▸ TASK DETAILS:
Search the material for the string "printed" and copy each line where it occurs.

== Segment start ==

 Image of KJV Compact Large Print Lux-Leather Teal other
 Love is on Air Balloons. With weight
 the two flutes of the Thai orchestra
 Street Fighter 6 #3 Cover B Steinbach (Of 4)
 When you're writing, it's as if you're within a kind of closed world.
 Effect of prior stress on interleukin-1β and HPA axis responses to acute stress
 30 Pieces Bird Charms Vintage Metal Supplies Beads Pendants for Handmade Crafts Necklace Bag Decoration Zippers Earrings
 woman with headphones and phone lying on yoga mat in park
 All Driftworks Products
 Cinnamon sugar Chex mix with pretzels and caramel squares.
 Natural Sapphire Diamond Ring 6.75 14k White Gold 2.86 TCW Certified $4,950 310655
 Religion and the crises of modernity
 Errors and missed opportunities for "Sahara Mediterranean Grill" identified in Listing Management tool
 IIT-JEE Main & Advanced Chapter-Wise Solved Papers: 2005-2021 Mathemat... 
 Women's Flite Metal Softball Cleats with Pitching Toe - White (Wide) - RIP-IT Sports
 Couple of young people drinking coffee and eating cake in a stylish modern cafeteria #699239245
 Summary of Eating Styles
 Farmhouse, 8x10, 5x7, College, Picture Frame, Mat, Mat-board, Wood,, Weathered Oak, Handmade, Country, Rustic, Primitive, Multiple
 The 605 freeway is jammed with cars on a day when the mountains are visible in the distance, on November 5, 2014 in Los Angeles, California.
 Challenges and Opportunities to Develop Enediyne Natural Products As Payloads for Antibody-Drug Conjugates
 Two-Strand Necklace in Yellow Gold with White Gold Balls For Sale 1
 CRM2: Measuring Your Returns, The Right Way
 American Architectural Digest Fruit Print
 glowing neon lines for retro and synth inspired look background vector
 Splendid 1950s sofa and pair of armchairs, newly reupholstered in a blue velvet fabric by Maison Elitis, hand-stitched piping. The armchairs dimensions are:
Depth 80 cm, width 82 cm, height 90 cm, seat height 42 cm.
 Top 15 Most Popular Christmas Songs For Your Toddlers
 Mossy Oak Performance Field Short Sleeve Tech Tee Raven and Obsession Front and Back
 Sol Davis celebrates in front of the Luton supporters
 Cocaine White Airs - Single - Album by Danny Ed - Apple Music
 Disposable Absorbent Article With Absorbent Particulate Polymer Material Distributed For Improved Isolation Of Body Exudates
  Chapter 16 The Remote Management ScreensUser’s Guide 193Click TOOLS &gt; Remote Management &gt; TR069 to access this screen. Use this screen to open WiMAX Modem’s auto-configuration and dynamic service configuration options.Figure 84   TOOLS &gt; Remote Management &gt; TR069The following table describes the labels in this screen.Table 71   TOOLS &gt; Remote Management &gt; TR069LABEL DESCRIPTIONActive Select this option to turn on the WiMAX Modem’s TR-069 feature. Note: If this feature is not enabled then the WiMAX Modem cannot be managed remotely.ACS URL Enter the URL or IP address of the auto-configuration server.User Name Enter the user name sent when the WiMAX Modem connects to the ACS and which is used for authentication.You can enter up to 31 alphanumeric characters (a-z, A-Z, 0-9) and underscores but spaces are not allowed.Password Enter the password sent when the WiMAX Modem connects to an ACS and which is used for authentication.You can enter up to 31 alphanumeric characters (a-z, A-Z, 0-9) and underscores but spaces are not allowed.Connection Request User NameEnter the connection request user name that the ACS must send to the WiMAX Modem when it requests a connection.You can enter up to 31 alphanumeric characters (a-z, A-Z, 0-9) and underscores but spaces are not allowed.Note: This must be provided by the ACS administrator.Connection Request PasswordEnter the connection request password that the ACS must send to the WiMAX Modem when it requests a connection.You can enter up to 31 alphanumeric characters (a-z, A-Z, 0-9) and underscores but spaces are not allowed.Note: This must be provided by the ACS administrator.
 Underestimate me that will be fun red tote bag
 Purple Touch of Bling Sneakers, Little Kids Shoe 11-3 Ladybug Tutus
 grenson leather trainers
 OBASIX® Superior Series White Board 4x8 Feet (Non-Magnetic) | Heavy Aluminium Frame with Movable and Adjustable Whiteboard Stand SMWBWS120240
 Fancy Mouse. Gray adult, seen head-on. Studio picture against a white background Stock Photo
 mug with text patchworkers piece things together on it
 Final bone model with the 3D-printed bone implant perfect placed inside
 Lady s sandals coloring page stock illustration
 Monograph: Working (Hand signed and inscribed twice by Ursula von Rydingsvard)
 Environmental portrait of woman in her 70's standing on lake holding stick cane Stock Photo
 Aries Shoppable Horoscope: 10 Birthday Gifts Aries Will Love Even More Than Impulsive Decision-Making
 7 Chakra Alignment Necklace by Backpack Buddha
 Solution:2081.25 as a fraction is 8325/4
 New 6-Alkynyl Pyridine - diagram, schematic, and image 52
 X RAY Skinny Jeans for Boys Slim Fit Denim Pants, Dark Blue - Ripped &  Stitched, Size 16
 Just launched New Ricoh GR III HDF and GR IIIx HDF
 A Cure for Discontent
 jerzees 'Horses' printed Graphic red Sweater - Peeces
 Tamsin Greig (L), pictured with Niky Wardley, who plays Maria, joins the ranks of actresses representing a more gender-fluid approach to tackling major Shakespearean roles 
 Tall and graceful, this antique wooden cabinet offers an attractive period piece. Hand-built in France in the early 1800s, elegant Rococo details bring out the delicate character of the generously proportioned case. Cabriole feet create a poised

== Segment end ==

▸ EXERCISE SOLUTION:
 Final bone model with the 3D-printed bone implant perfect placed inside
 jerzees 'Horses' printed Graphic red Sweater - Peeces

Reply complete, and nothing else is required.